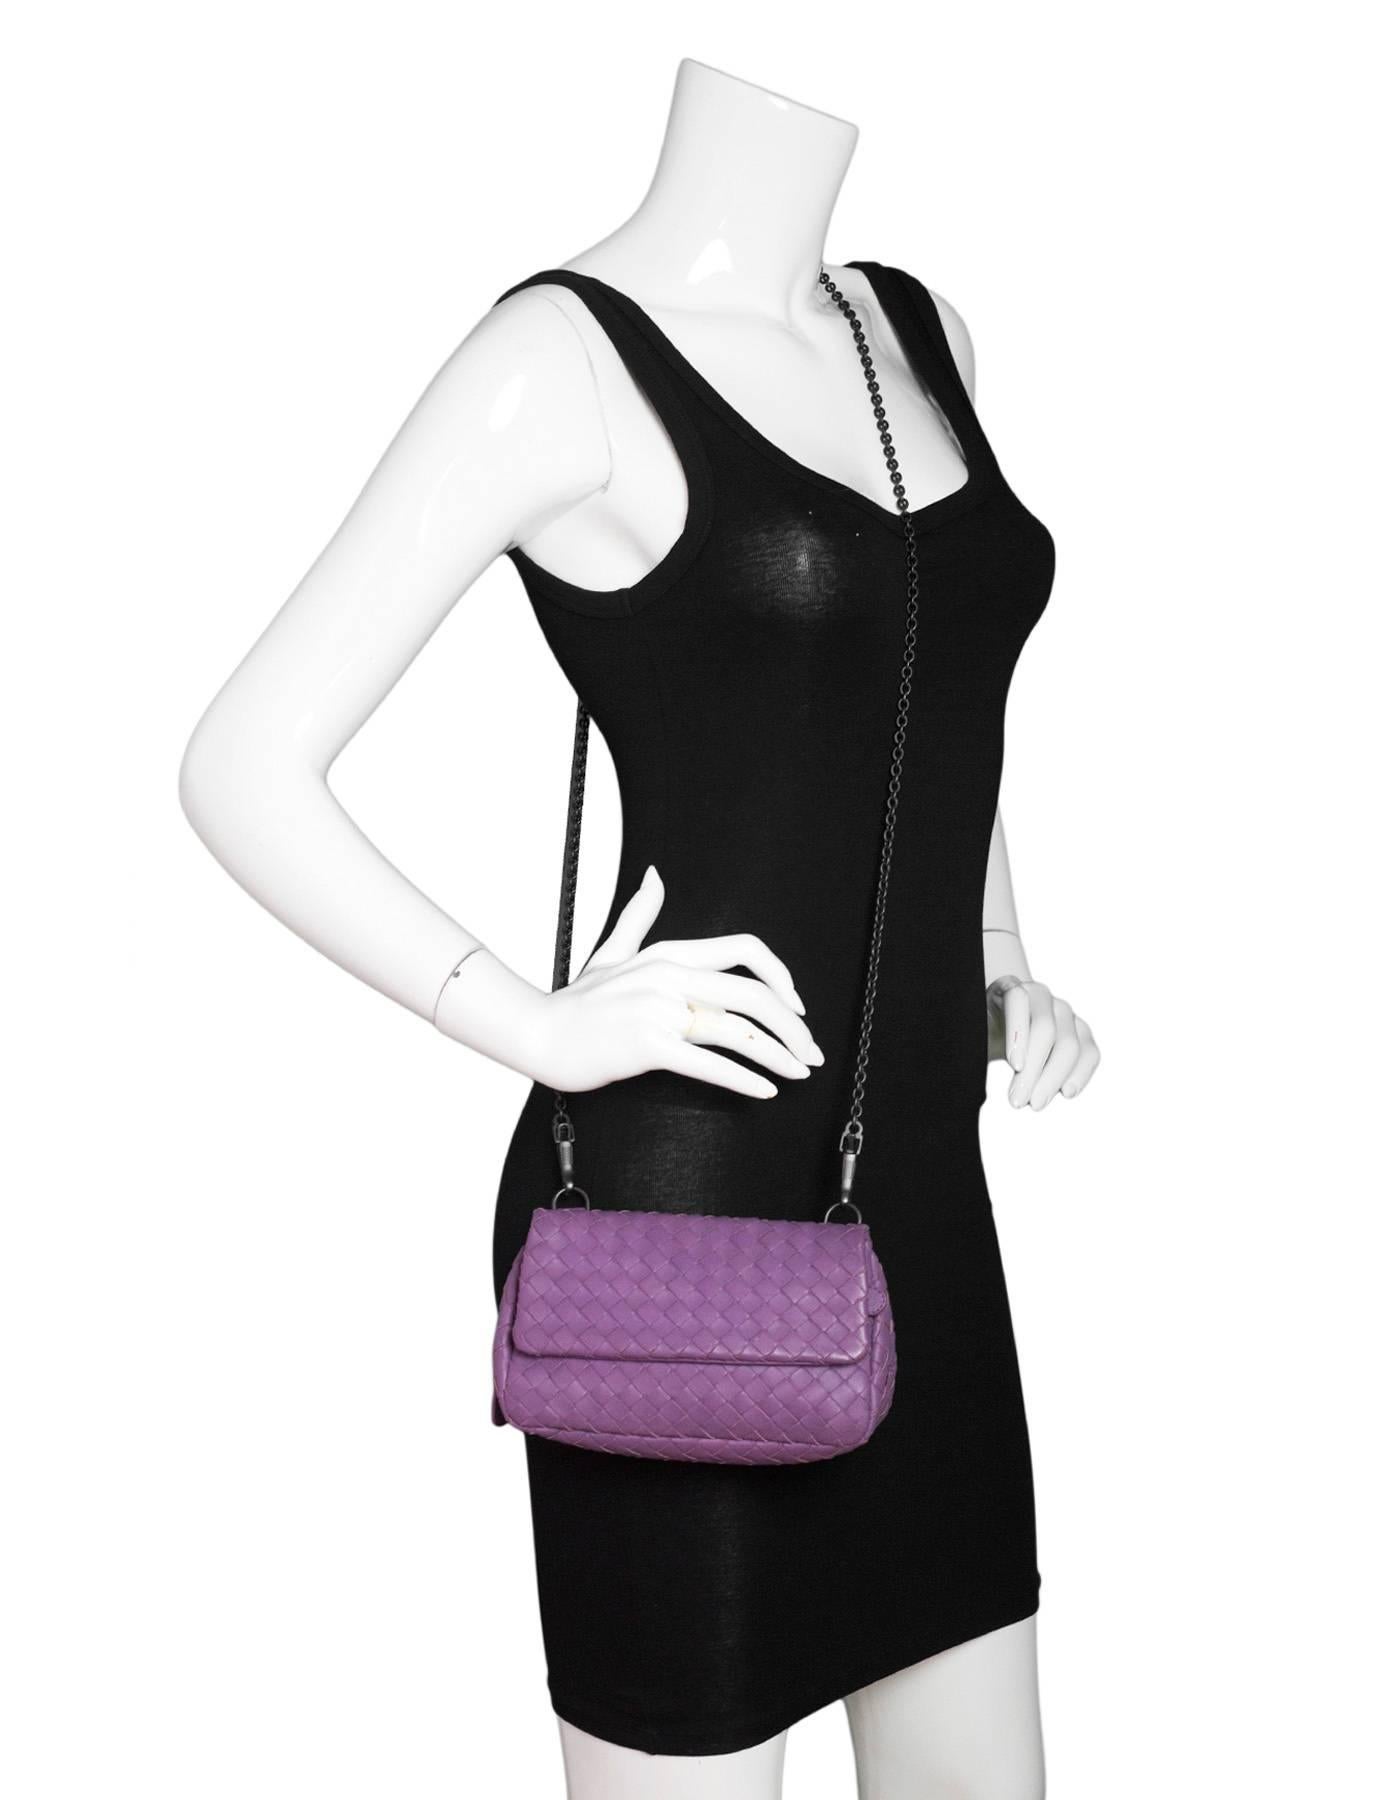 Bottega Veneta Purple Nappa Intrecciato Small Chain Crossbody

Made In: Italy
Color: Purple
Hardware: Dark grey
Materials: Leather, metal
Lining: Taupe suede
Closure/Opening: Flap top with side snaps
Exterior Pockets: Zip pocket under flap, zip
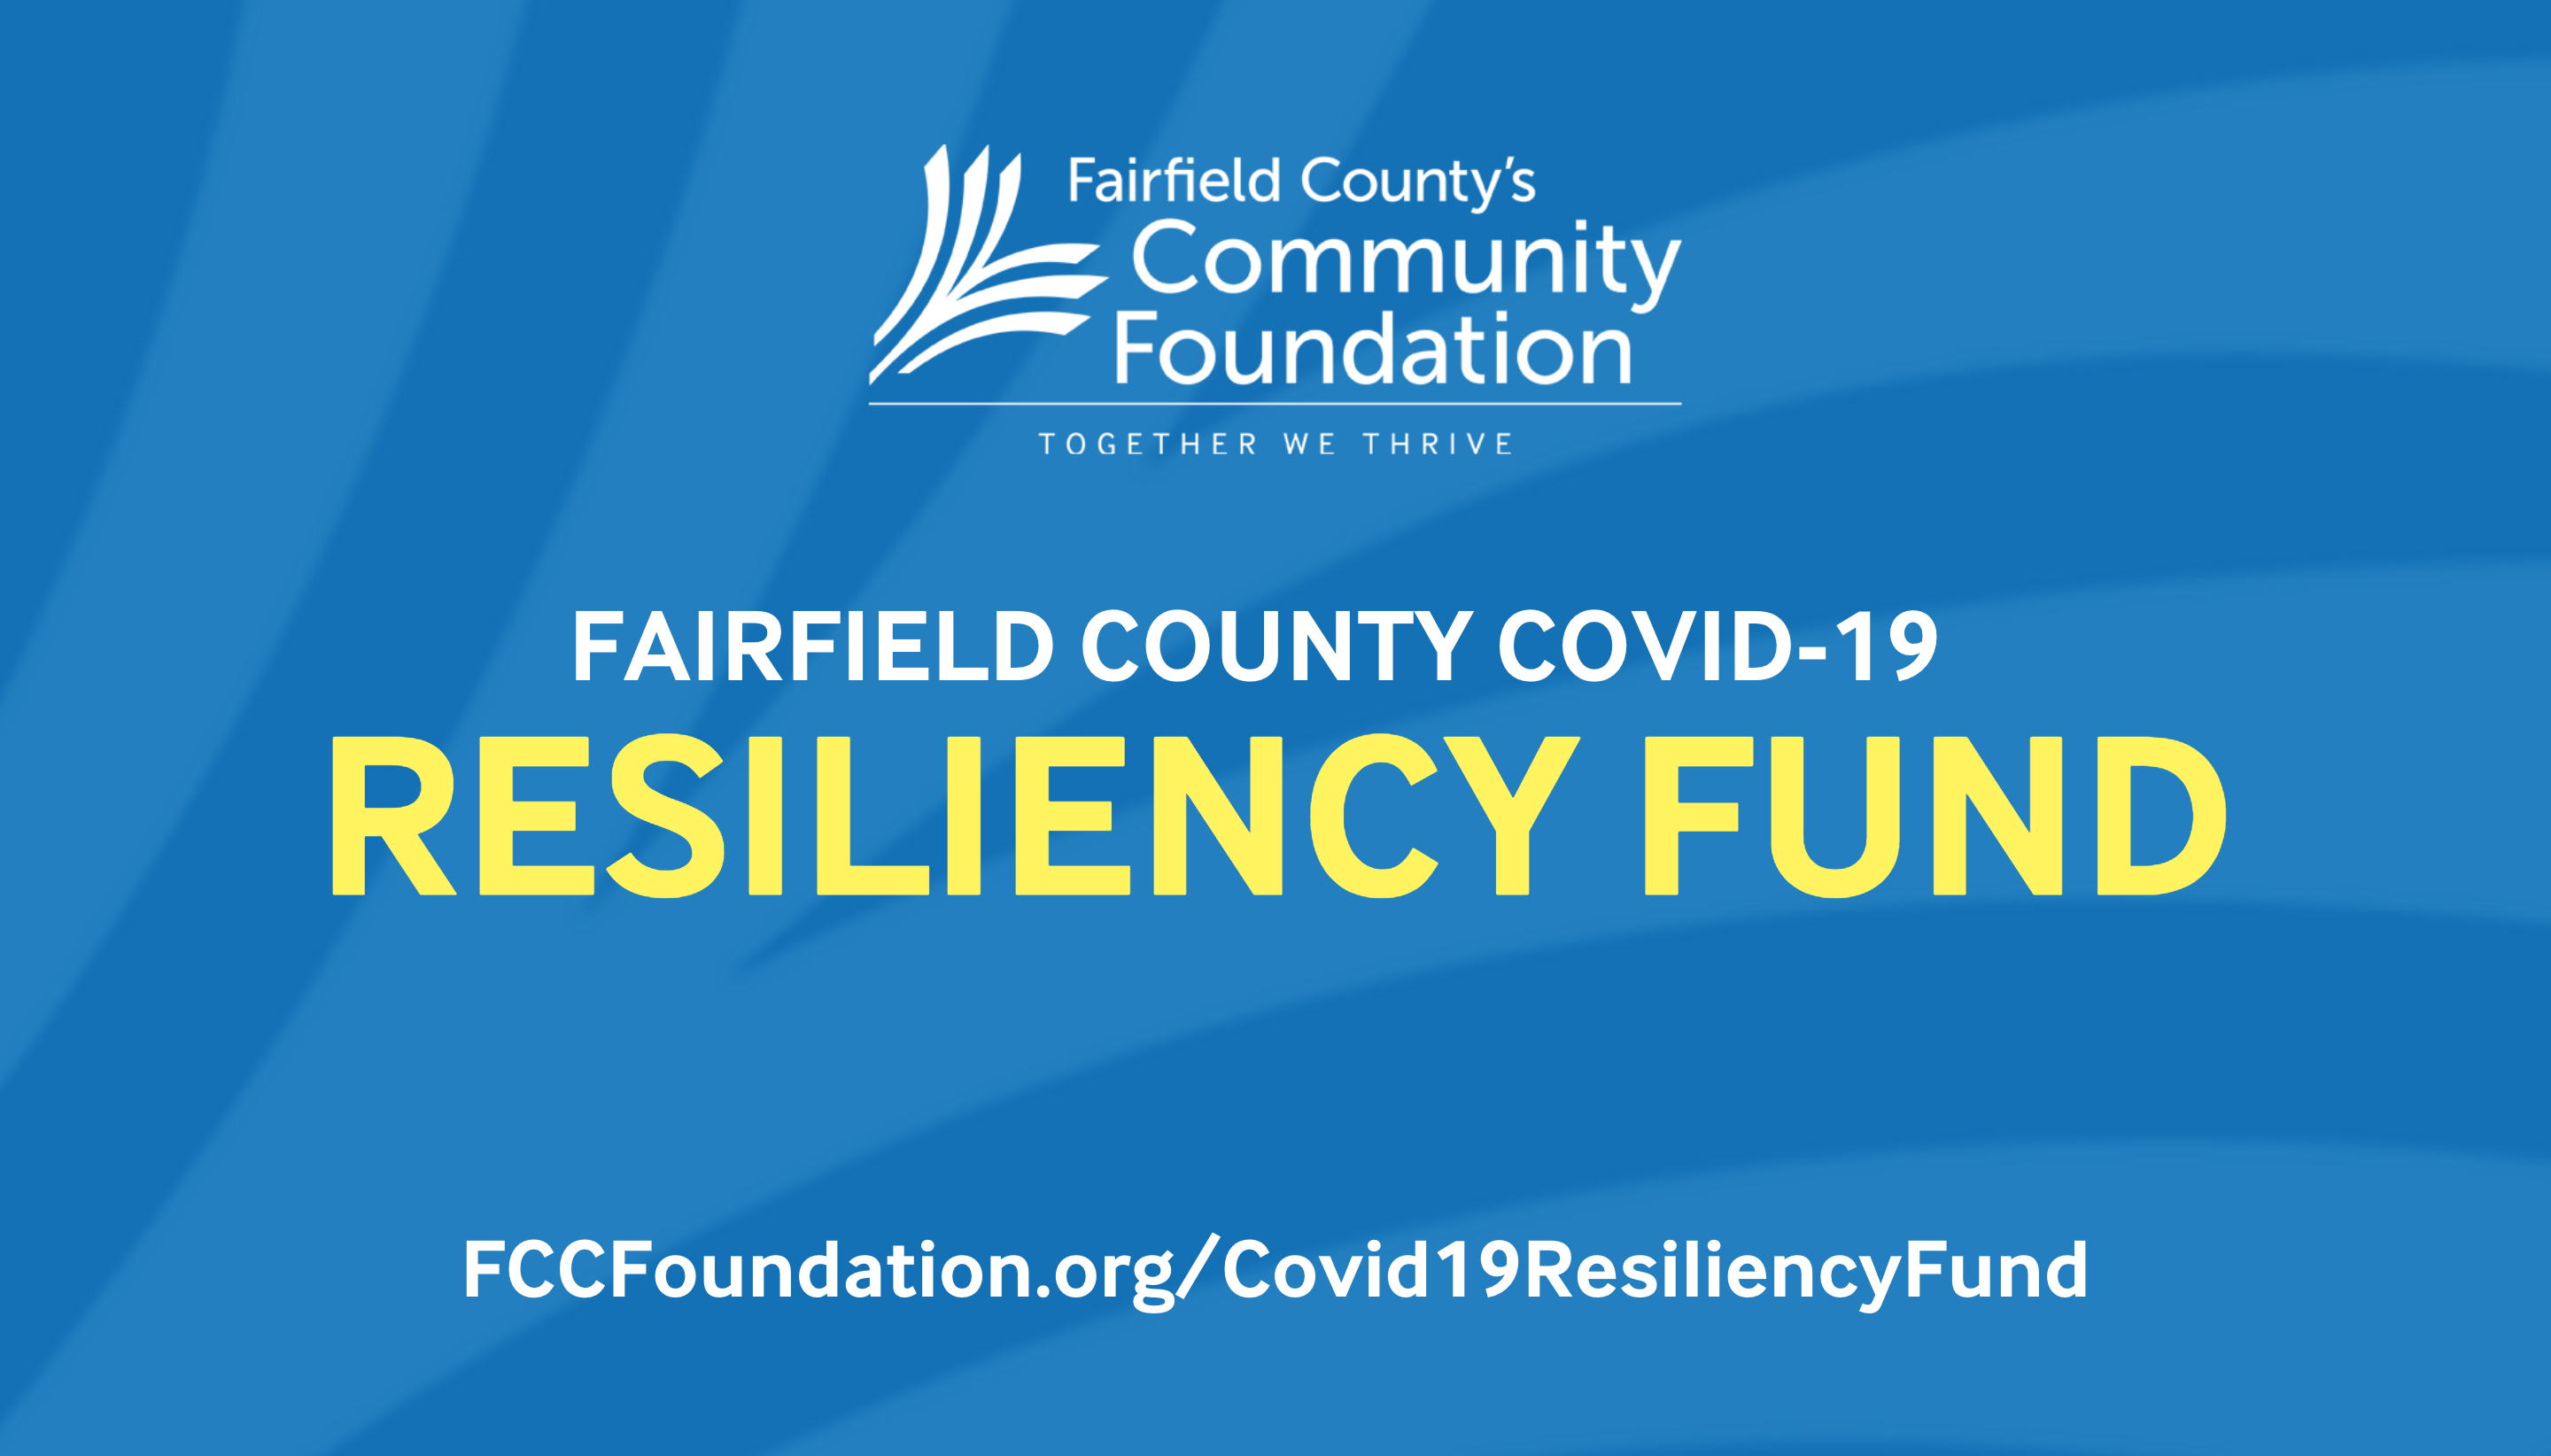 Fairfield County’s Community Foundation Announces New COVID-19 Resiliency Fund

_PROMPT_. From the line containing "Made In: Italy" down to the final line of the material above, reproduce each line exactly and include no images.

_WORKED SOLUTION_.
Made In: Italy
Color: Purple
Hardware: Dark grey
Materials: Leather, metal
Lining: Taupe suede
Closure/Opening: Flap top with side snaps
Exterior Pockets: Zip pocket under flap, zip
 Fairfield County’s Community Foundation Announces New COVID-19 Resiliency Fund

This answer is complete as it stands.